The news
A recent piece from Product Leaders Day makes the case that prompt engineering is functionally obsolete — replaced by context engineering, a more architectural discipline focused on how data is structured, retrieved, and injected into an LLM before it ever generates a response. The argument: tweaking prompt phrasing is a band-aid; context engineering is the actual system.
Our take
This framing is correct, and it matters for GTM teams more than most people realize.
Here's the practical version: prompt engineering is what happens when you write a good ChatGPT message. Context engineering is what happens when you build a system that consistently gives your AI the right information at the right moment — account history, CRM data, persona context, conversation state — so the output is actually useful and not a hallucination wearing a blazer.
The article focuses on enterprise RAG pipelines and vector databases, which can sound abstract. But this pattern shows up constantly in GTM tooling. When an AI SDR sends a follow-up that ignores everything in the deal history, that's a context problem. When a content AI keeps generating messaging that doesn't match the ICP, that's a context problem. When a summarization bot confidently invents facts about a prospect, that's a context problem. None of those get fixed by rewriting the prompt. They get fixed by rethinking what information gets passed into the system before the model does anything.
The reason "context engineering" sounds like expert-only territory is that most AI tools abstract it away — and then break silently when the context is wrong. The teams actually getting reliable AI output have, intentionally or not, started solving the context problem. They've connected their CRM. They've written system prompts that inject persona and funnel stage. They've built retrieval steps that pull relevant data before generation runs.

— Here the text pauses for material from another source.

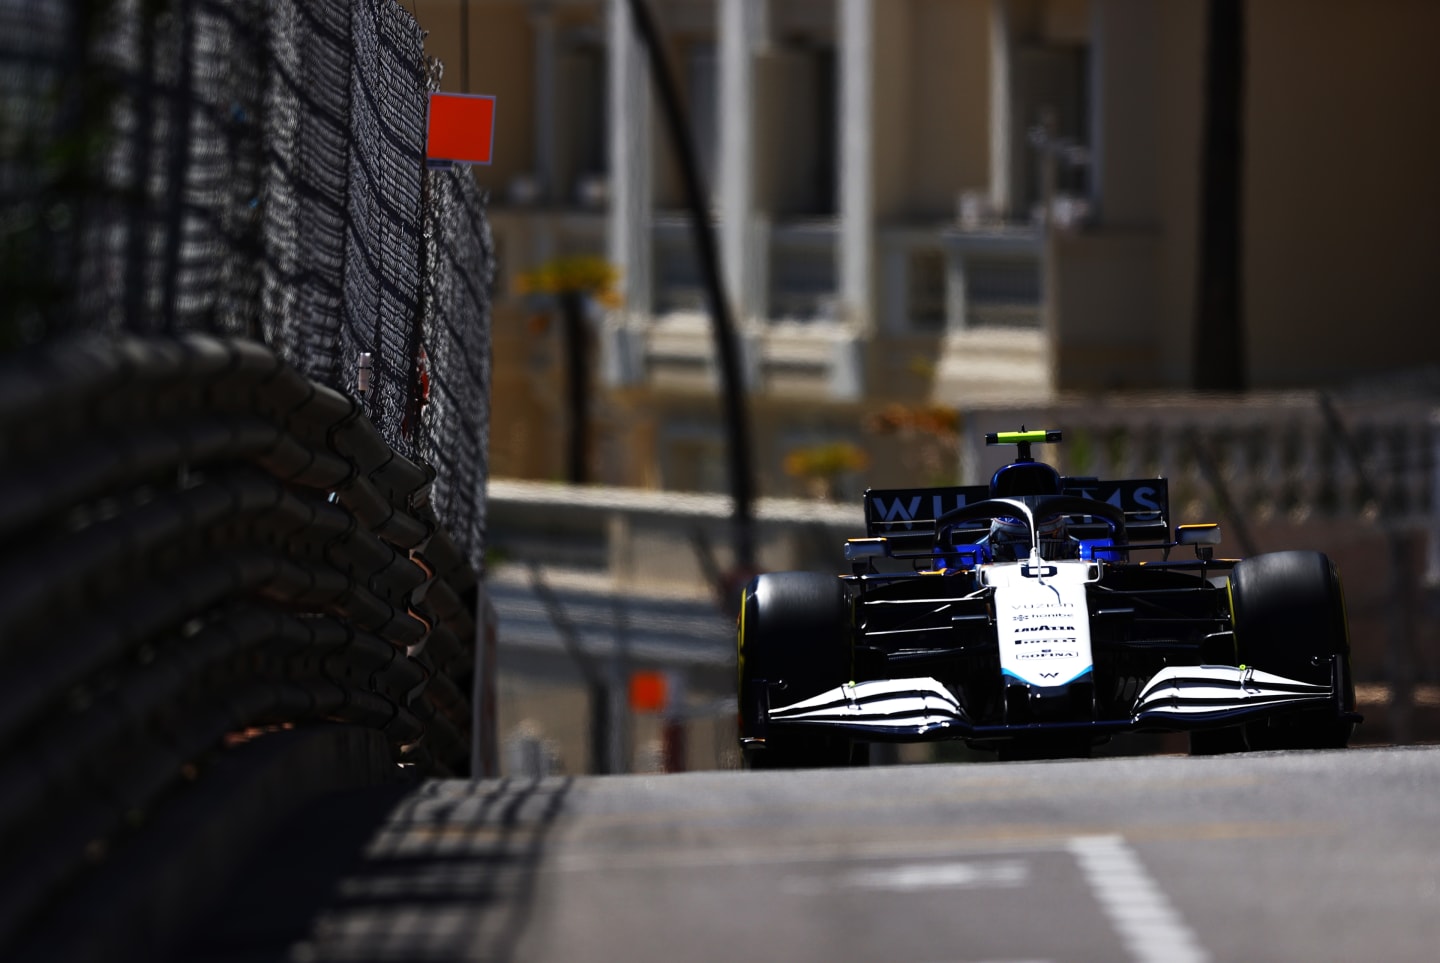 MONTE-CARLO, MONACO - MAY 20: Nicholas Latifi of Canada driving the (6) Williams Racing FW43B Mercedes on track during practice ahead of the F1 Grand Prix of Monaco at Circuit de Monaco on May 20, 2021 in Monte-Carlo, Monaco. (Photo by Bryn Lennon/Getty Images)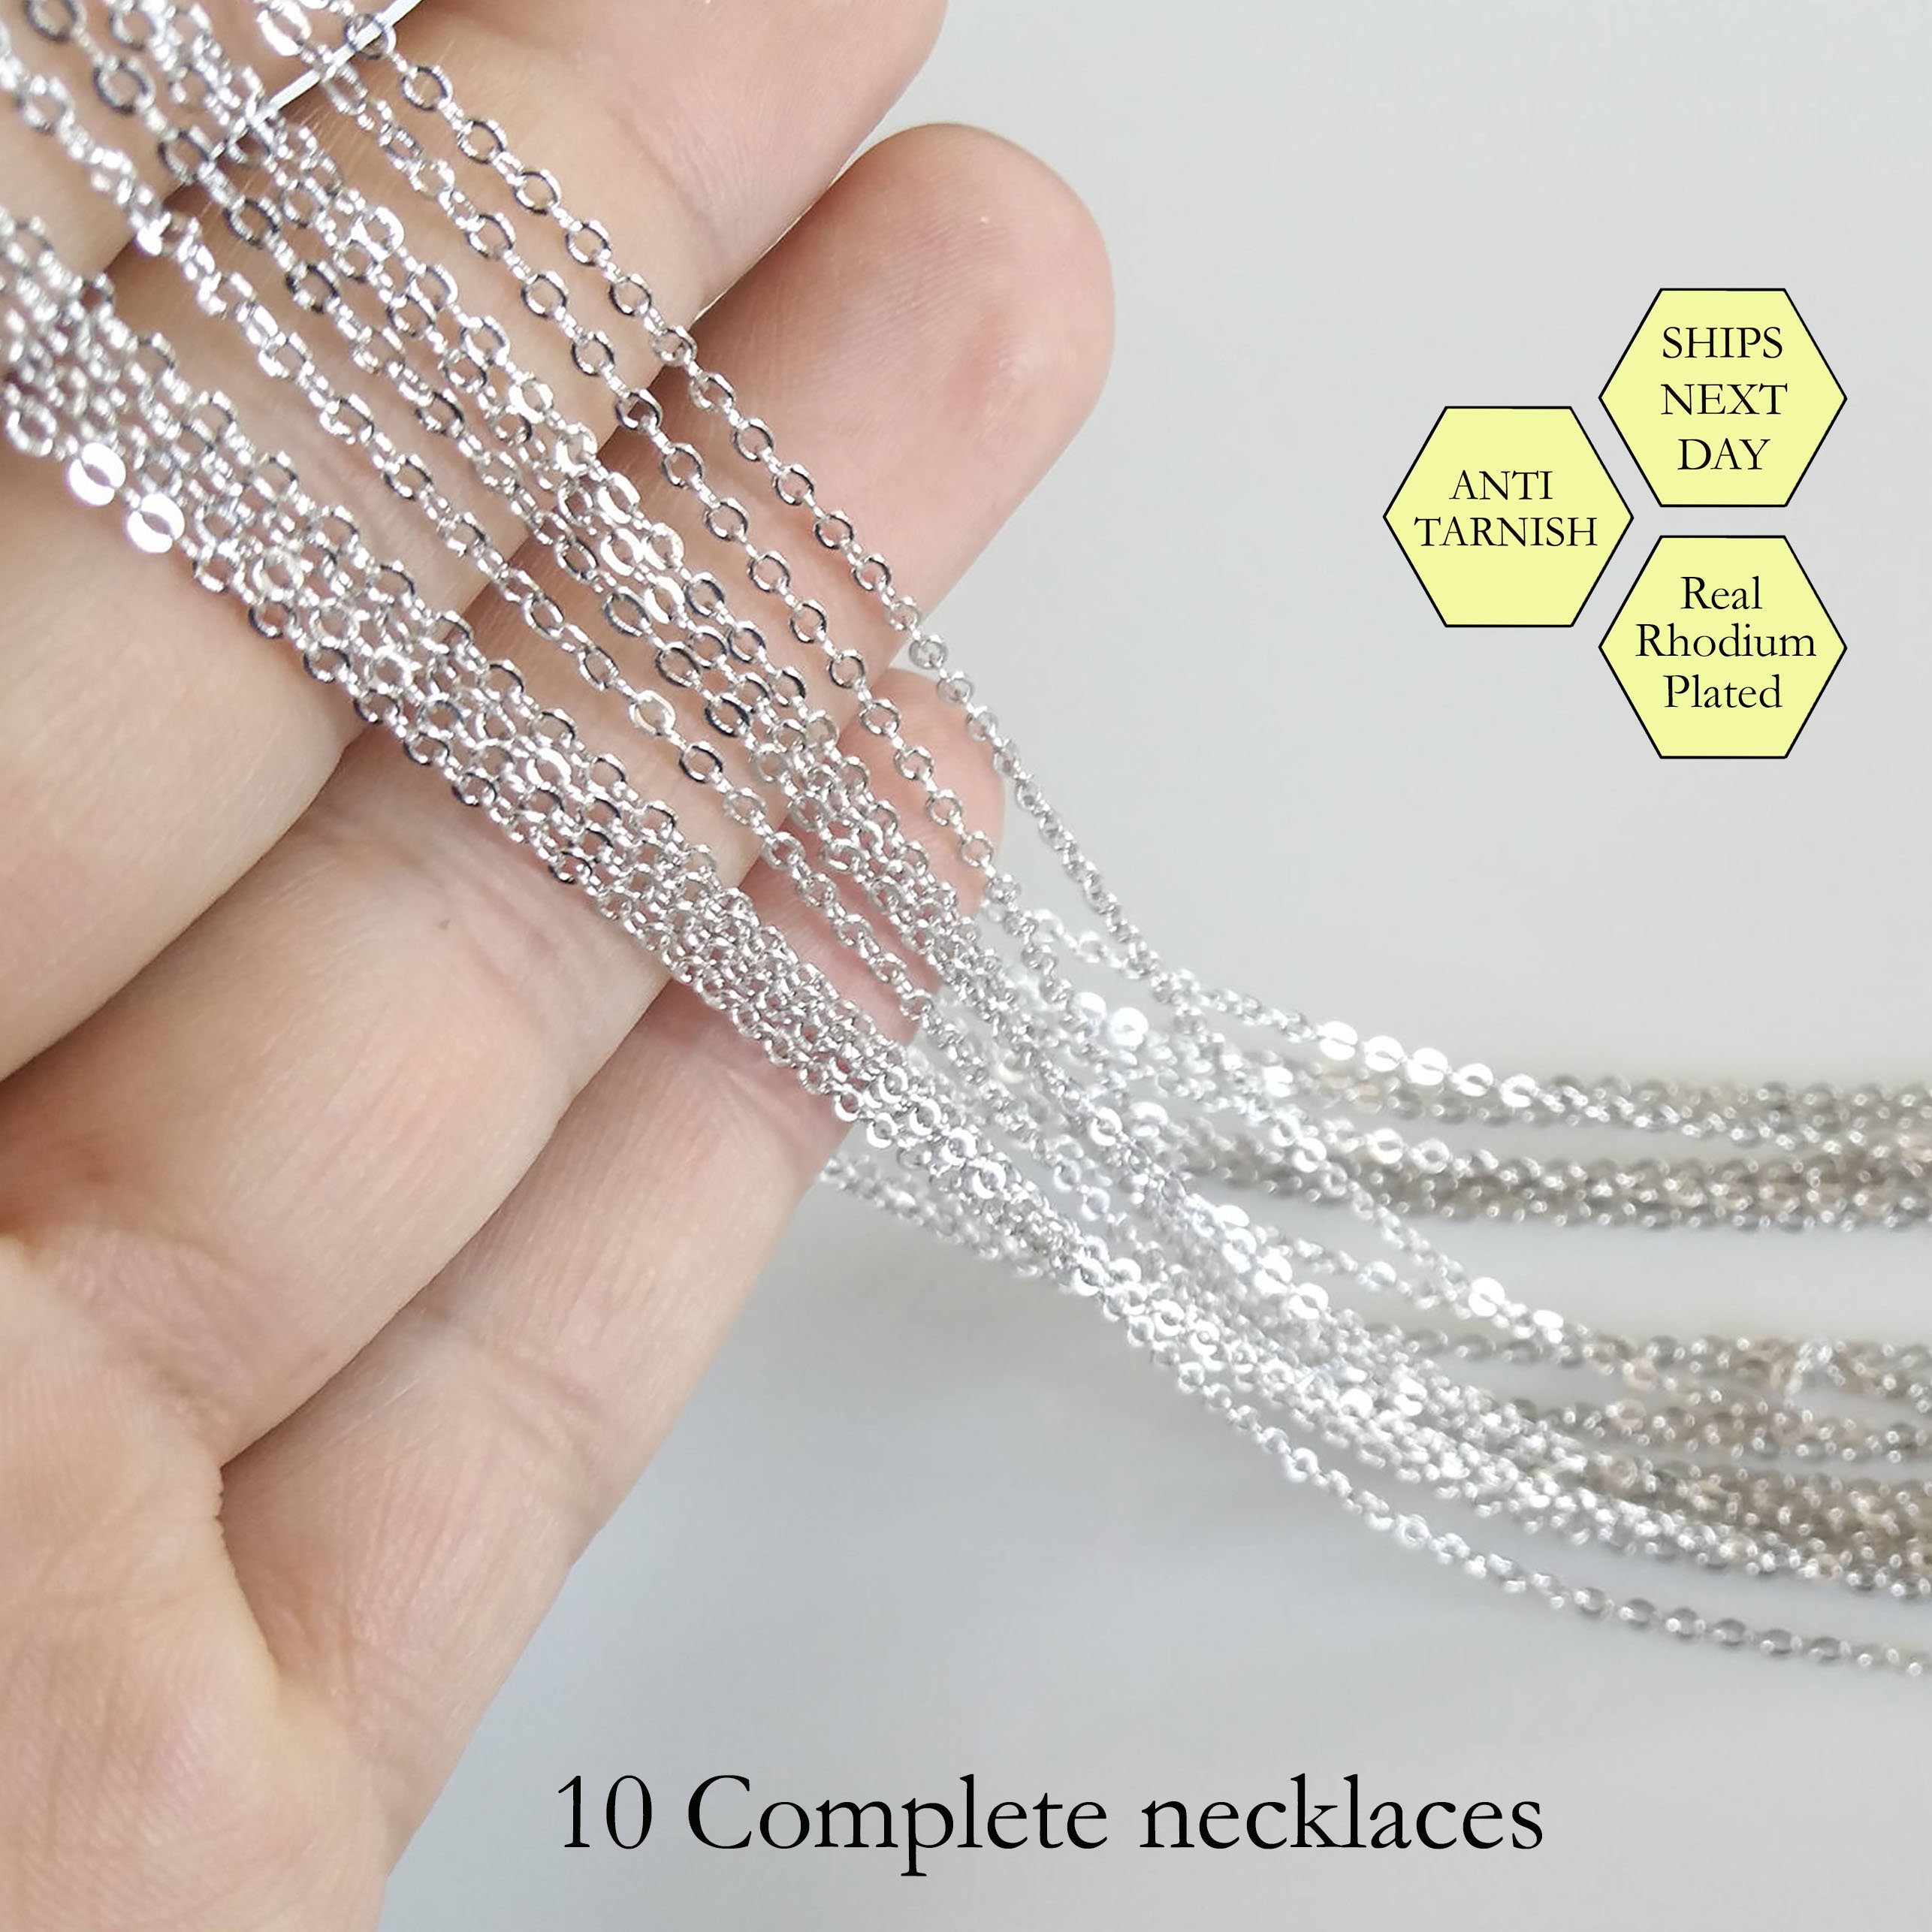 selizo 30 Pack Necklace Chains Bulk for Jewelry Making Bulk Necklace Chains  Silver Plated Cable Chains for Jewelry Making 1.2 mm (18 Inches)

That's context engineering. You're probably already doing pieces of it. Now you have a name for it — and a reason to do it more deliberately.
The so-what
Most AI failures in GTM aren't model failures. They're context failures — the AI didn't have what it needed to do the job. If your AI-assisted workflows are producing inconsistent or unreliable output, don't start by rewriting prompts. Start by auditing what context the system actually has access to when it runs. The teams building durable AI systems aren't better at prompting — they're better at feeding the machine.